As usual you guys never cease to amaze me. Who knew so many women would show up to yesterday’s conversation and share their experience? I’m not alone. And we can figure out a way to cope. And more importantly keep going. I found that the act of writing about my issues with PMS helped tremendously. Coming clean, as to say- here it is, this is where I’m going to need help. Writing is the best therapy for me. It makes me lighter.
I’m doing well. Hell, I’m doing good even. Yes I am dealing with 4 pounds of water weight, but who cares? 4 pounds is not the big picture. It’s silly. It’s water. It will go away and then more will go away and I will be a better person for sticking it out. My weight does not make me a bad person. This is a daily reminder. Being obese is not a crime.

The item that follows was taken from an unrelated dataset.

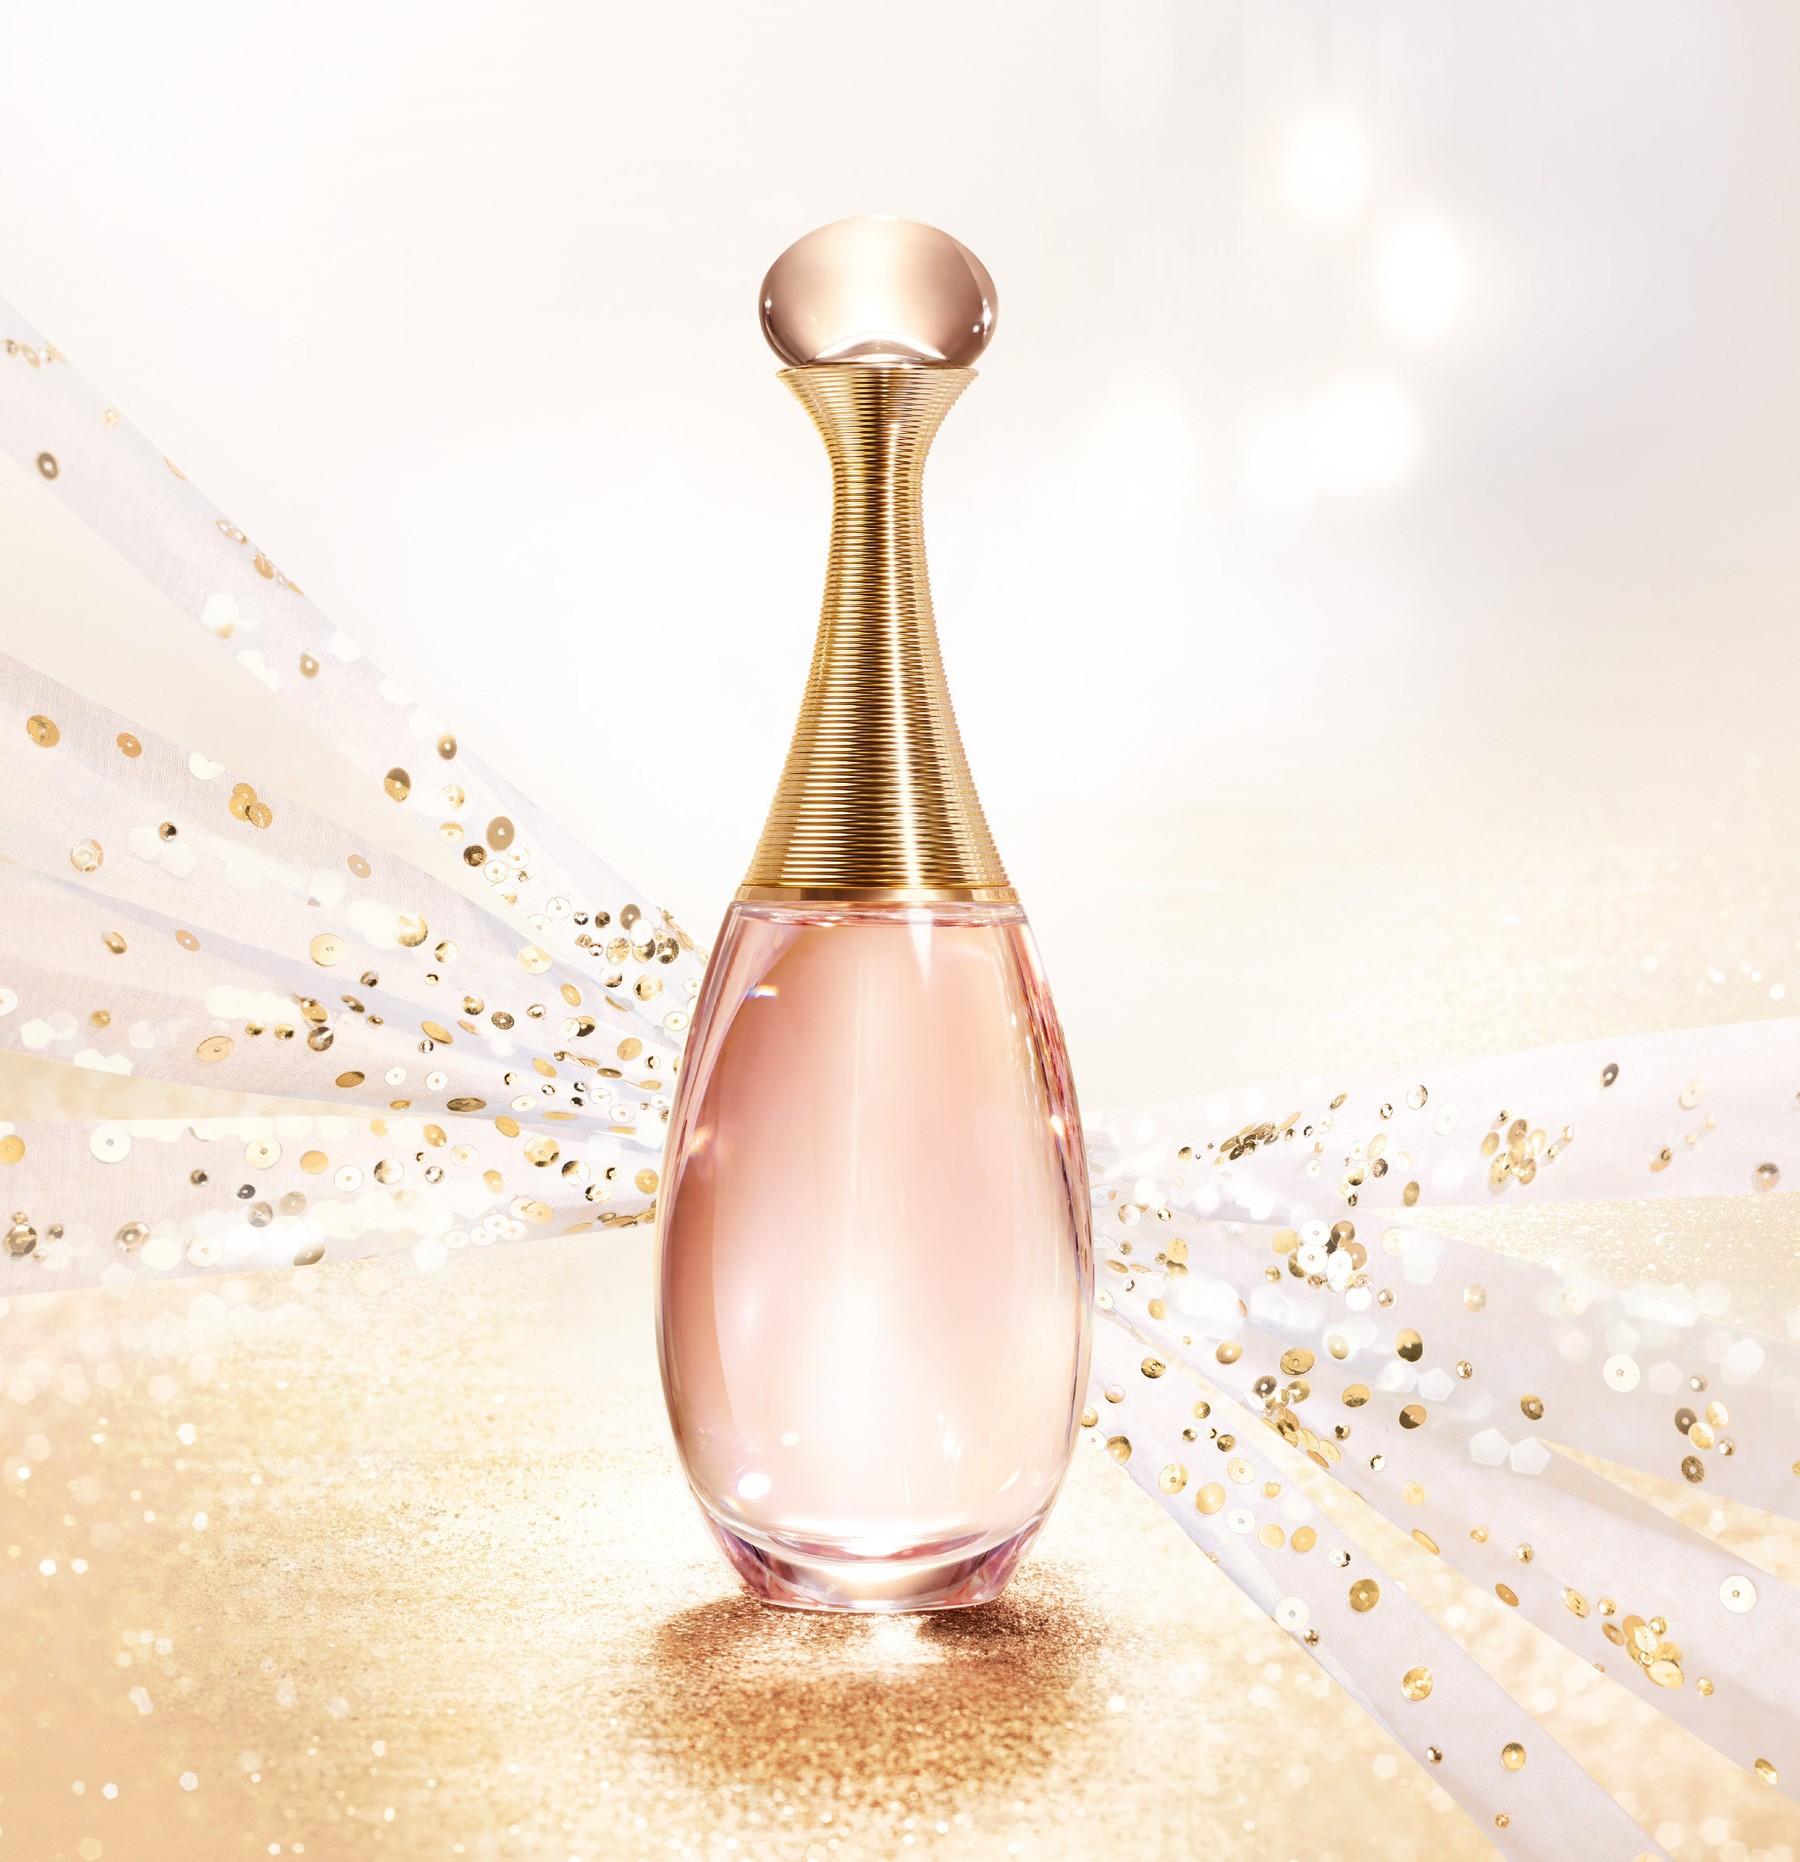 Dior J'adore Lumiere Eau de Toilette аромат для женщин

And this brings me to my next topic: contradiction. I would say 100% that my beliefs and ideas contradict each other. This may be confusing to some people that know me. “But you said yesterday…” yes, but I changed my mind. Or I’ve decided that this and that need to go together. It’s just how I am and the way I eat is no different.
Case in point: Since starting “paleo/eating better for me” I’ve taken grains and sugar out of my diet. I’ve cut down on dairy, starches and simple carbs. But. But is big here. I will eat them. And have eaten them. While traveling and dining with friends over the weekend I realized how insane we sound. “No thanks, I’ll pass on the bread. Sure, I’ll have a drink. Gnocci? yeah, sure why not?”. What?!!?
Call it justification, but here’s the deal. I’m learning that rules can be broken and personalized. I know what is and isn’t a good idea for me. I skipped on bread and chose to eat a sensible portion of gnocchi. I was hungry, it came with my meal, I ate it. Yes it’s a starch. Yes I said no to bread. Aren’t they one in the same? Technically, yes.
Here’s another example. On our way home we stopped at Cracker Barrel for dinner. We both chose the home style fried chicken. Skipped the bread and skipped the starchy sides. Drank water and didn’t have dessert. In the past, I would have had the fried chicken with mashed potatoes, a house salad drenched in ranch, two biscuits, sweet tea and bring on the apple cobbler! The difference is notable and real. Is the chicken breaded and deep fried? Yes! I ordered it with green beans and a salad. Skimped on the dressing and gave some chicken to the husband.
Want another example? In Charlottesville I had frozen yogurt from Sweet Frog. A planned treat. I can’t tell you how long I’ve wanted a big cup of frozen yogurt topped with candy. So what do I do? I eat a very light breakfast of eggs. Skip lunch (not hungry). Have a light dinner (the gnocchi one from above) and then indulge in frozen yogurt. And topped it off with a long walk. I was even under my calories for the day.
I will have the occasional iced latte. I have brown rice almost every single day for dinner. I will put feta or goat cheese on a salad. I’m okay with all of these decisions because they aren’t what brought me here. 1 cup of brown rice a day didn’t make me obese. I don’t sneak around with salads with feta and the iced latte without sugar? We have a solid friendship. If I said no to all of these things, I wouldn’t last a week. I would be sad and cry a little. They aren’t the problem.
Pints of ice cream. Large frozen pizzas. Ordering meals with the most food. Stuffing myself. Snacks. Eating without hunger. Starting over…tomorrow will be better. I will be healthier next week. This mentality brought me to obesity. Consuming so much that I can’t move is the problem.
I’m slowly getting the point. Making better decisions. Planning. And while it may all sound like one big contradiction, it’s working for me. I know where to say no and where to say yes and the biggest point? I’m okay with it all. Being okay with the decision to eat a big bowl of frozen yogurt stops me from wanting more. It keeps me present. I’m here, I’m enjoying this and when it’s gone I can go on with my life.
I have events and dinners going on all the time. If I go to a friends house and they serve me a big plate of grains or lasagna, I’m not going to turn my nose up and say “ewww carbs!” I will enjoy, stop when I’m full and move on. I may eat lighter during the day or make sure I exercise or say no to dessert.
This is why I don’t like telling people what I’m doing because it doesn’t make much sense. In total. I’m eating less. I’m being pickier. I’m avoiding triggers. And if faced with something particularly delicious. I feel like I can enjoy it and move on with a plan of action. I can stick with the low grains/sugar thing most of the time. At home, it’s no big deal. And that’s when it matters most. What I do most of the time is more important than what I do on occasion.